John Perry Barlow woke me up. He raised a message — sounded an alarm, that I think we all heard. He didn’t save the world. None of us can, but perhaps he started the movement that will. I want to thank him for everything that he did for me, for us, for the United States, and for this world. He was an incredible person. He was an inspiration to me and it was an honor to have known him. There is one thing that I I’d like to say from him, which I will keep with me for the rest of my life as I think about what comes next for myself and hopefully those of you in the room as well.

I said, when we’re looking at all of these problems that face the world today, that face our politics today: the partisanship, incivility, the inhumanity, the injustice that fills every conversation and we try to make the people who are in power confront that and fix it and do their jobs. I struggle with the question of how it is that we correct this. What is it that we’re supposed to do, and why is it that they feel so comfortable. And it came down, finally, to this feeling of immunity, of unaccountability, that these powerful institutions all seemed to enjoy. It didn’t matter whether it was the Attorney General breaking the law. It didn’t matter who was the CEO of Citibank breaking the law. They had a different standard behavior. And when they saw the world… when they saw the system… when they saw how much control they had and how little we had they said, “Well what are you going to do about ?”
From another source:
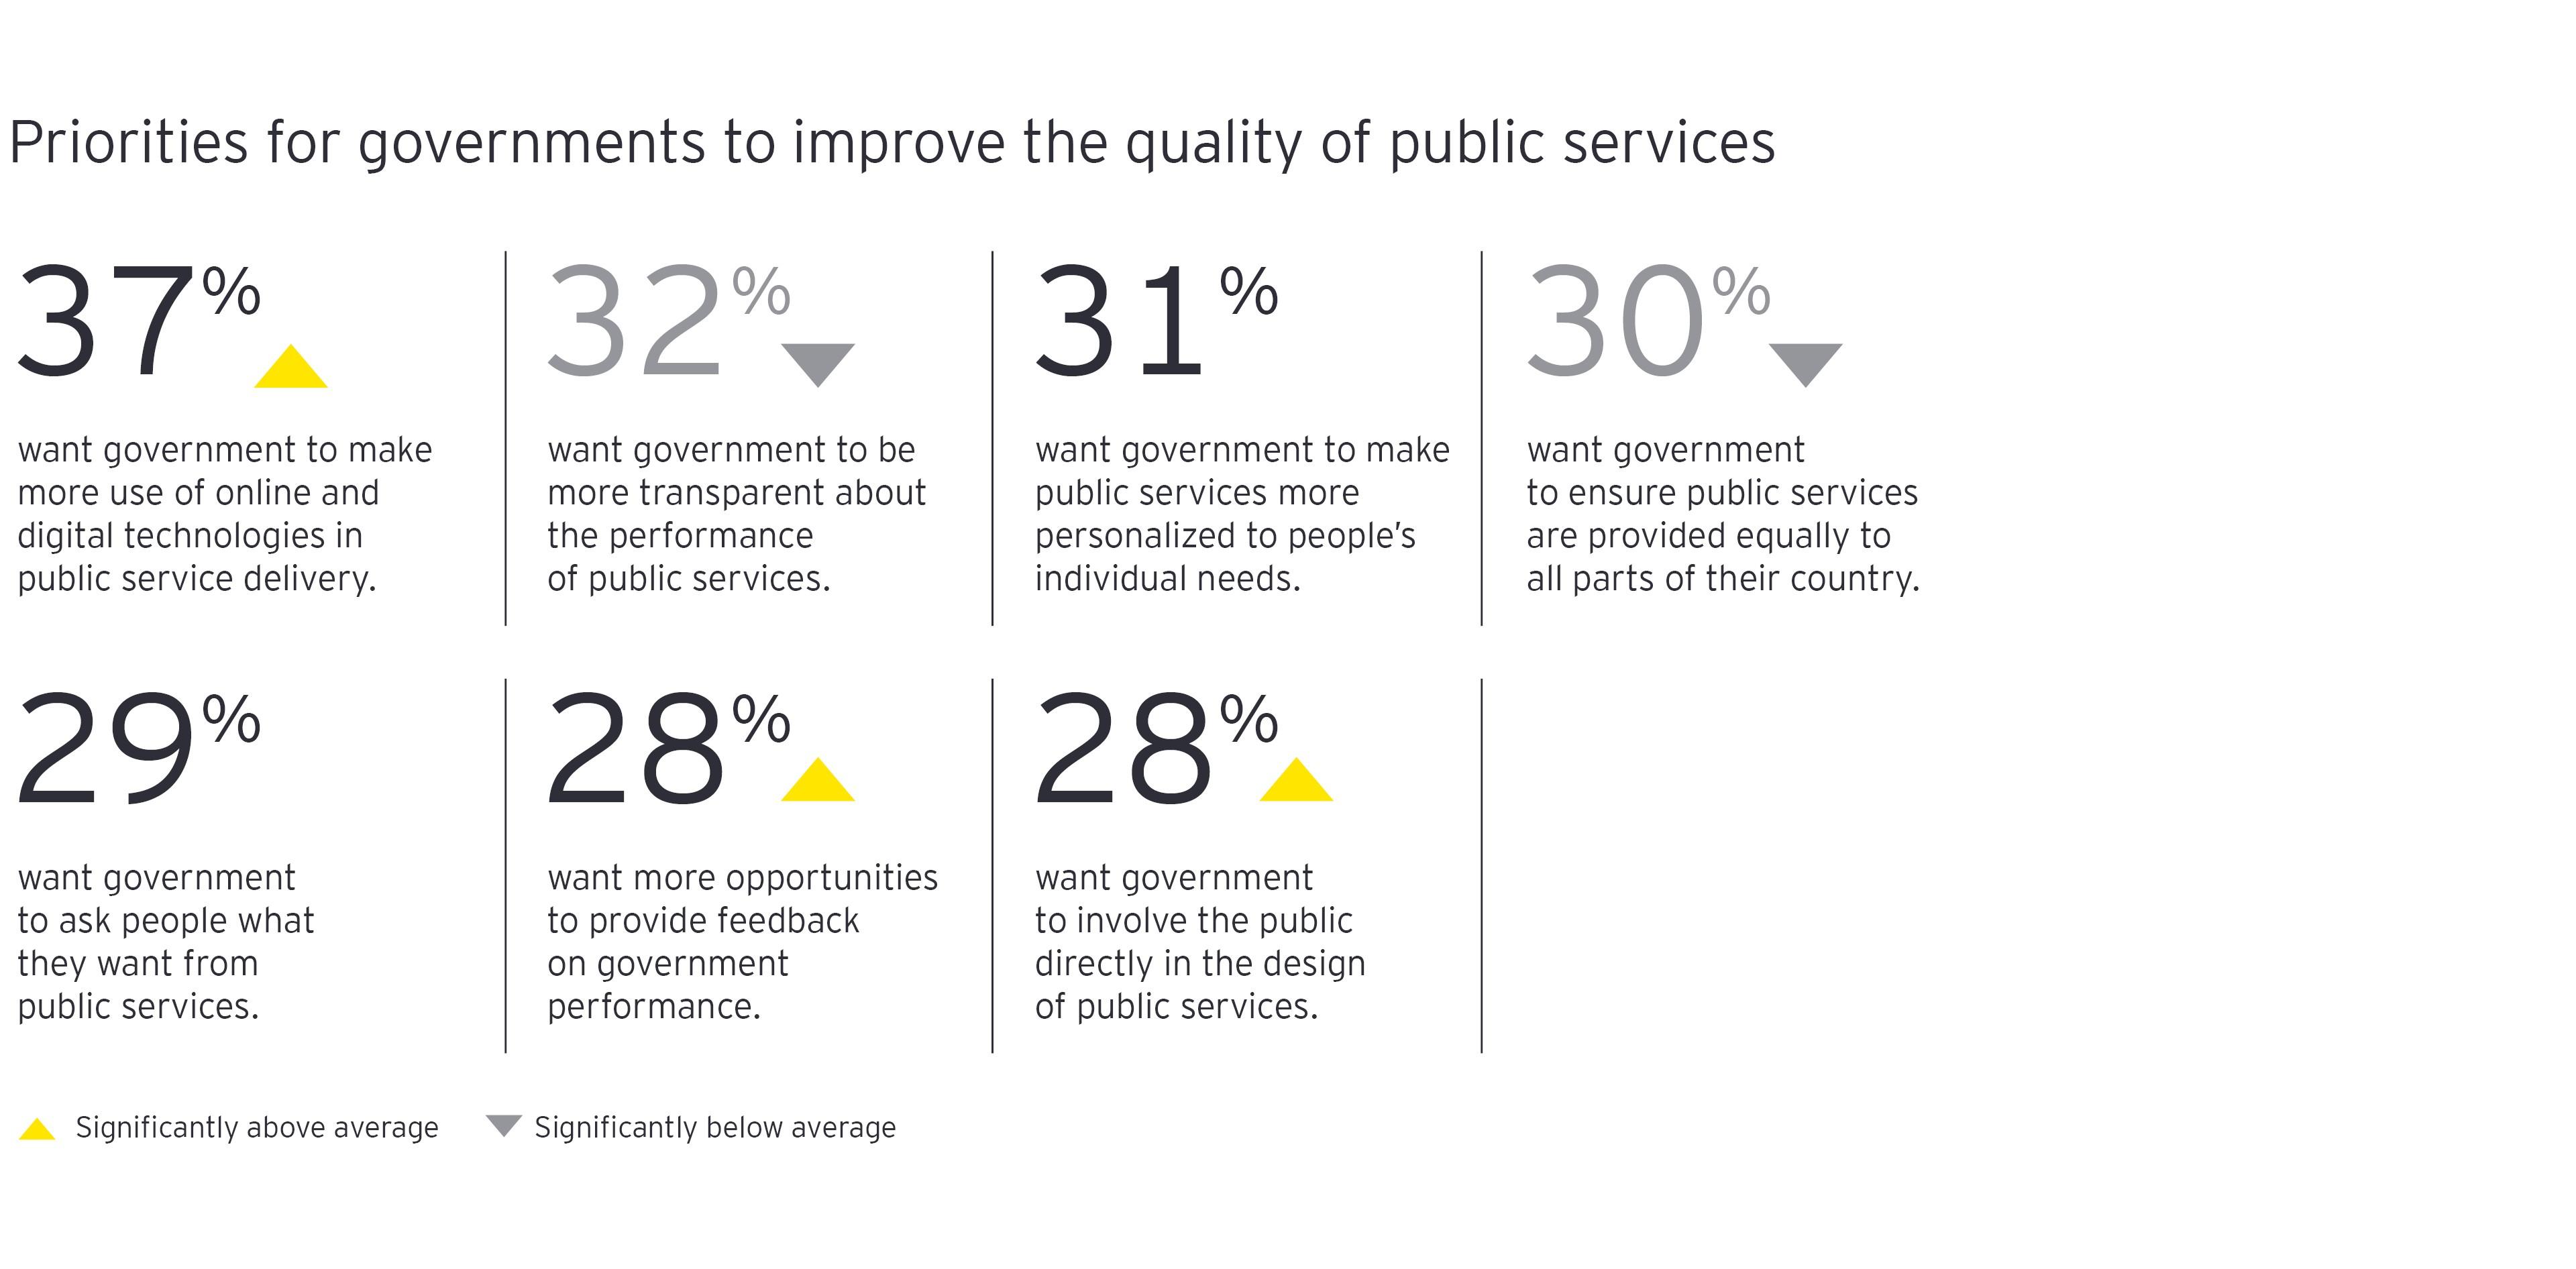 Prioridades del gobierno para mejorar la calidad del servicio público gráfico

And he sat, and he thought. Just a long pause on stage in front of so many people which is the kind of thing that only somebody like him could really get away with. I know I personally feel obligation to fill the silence. Then he said “The United States such as it is today exists to look at precisely that claim. “What are you going to do about it? And to answer that question, and to answer it right.”
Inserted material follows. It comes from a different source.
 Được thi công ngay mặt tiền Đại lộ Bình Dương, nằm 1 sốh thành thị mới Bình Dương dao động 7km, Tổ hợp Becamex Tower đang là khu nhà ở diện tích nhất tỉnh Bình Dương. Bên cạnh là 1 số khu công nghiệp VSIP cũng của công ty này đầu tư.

Ladies and gentlemen the life of John Perry Barlow was an example to everybody. Thank you.

Transcription courtesy of Lisa Rein, co-founder, Aaron Swartz Day.

Edward Snowden “on stage” with (left to right) Trevor Timm, Cory Doctorow, Cindy Cohn, (Brewster Kahle in foreground.)

4 thoughts on “Edward Snowden Explains The Direct Connection Between John Perry Barlow’s “Declaration of Cyberspace” & His Historic Surveillance Disclosures”

  1. This is so powerful because it is true. JPB inspired many people and we can all be thankful that ES actually listened and did the right thing, not the comfortable thing. He shows in this article that he is not only an honourable american but the best of men. LONG LIVE the EFF

  2. Why did ES only attack NSA? Where did ES work prior to NSA?
    Why did ES pick Russia as safe place? How do you avoid data privacy laws? Charter of NSA? Charter of C_A? DARPA>LifeLog>FaceBook. Defin Surveillance state. Why was NSA targeted? Why was C_A protected? Banking on Brennan to bring him home? Never expected a new Director, Gina? What does ES have left to sell to Russia to retain his safety and security. Welcome home, ES. Traitor.

    1. I was a subdivision of the NSA. There work is a necessity. They lost their compass on surveil all. My first impression of ES, idealist, ignorant of a realistic world, nerd, antiauthority, immature, or none of these. He made a choice, I wish there was another way. ES restored NSA’s moral compass, knowing the bell tolled for him. I want & the USA needs a strong NSA. The NSA lost a brilliant asset. Did no one think to ask the doers, “Is this a good program for the USA?” ES is not a traitor. If NS didn’t divulge secrete technology, pardon him.

  3. I respect ES. We need more ES’s in the US. Look at what the deep state swam continues to do. They are attempting to steal our Presidential election. This is a coup. What can we do without people like ES? What could we do with him in the US still. He could help save our democracy. Trump is trying to do it alone.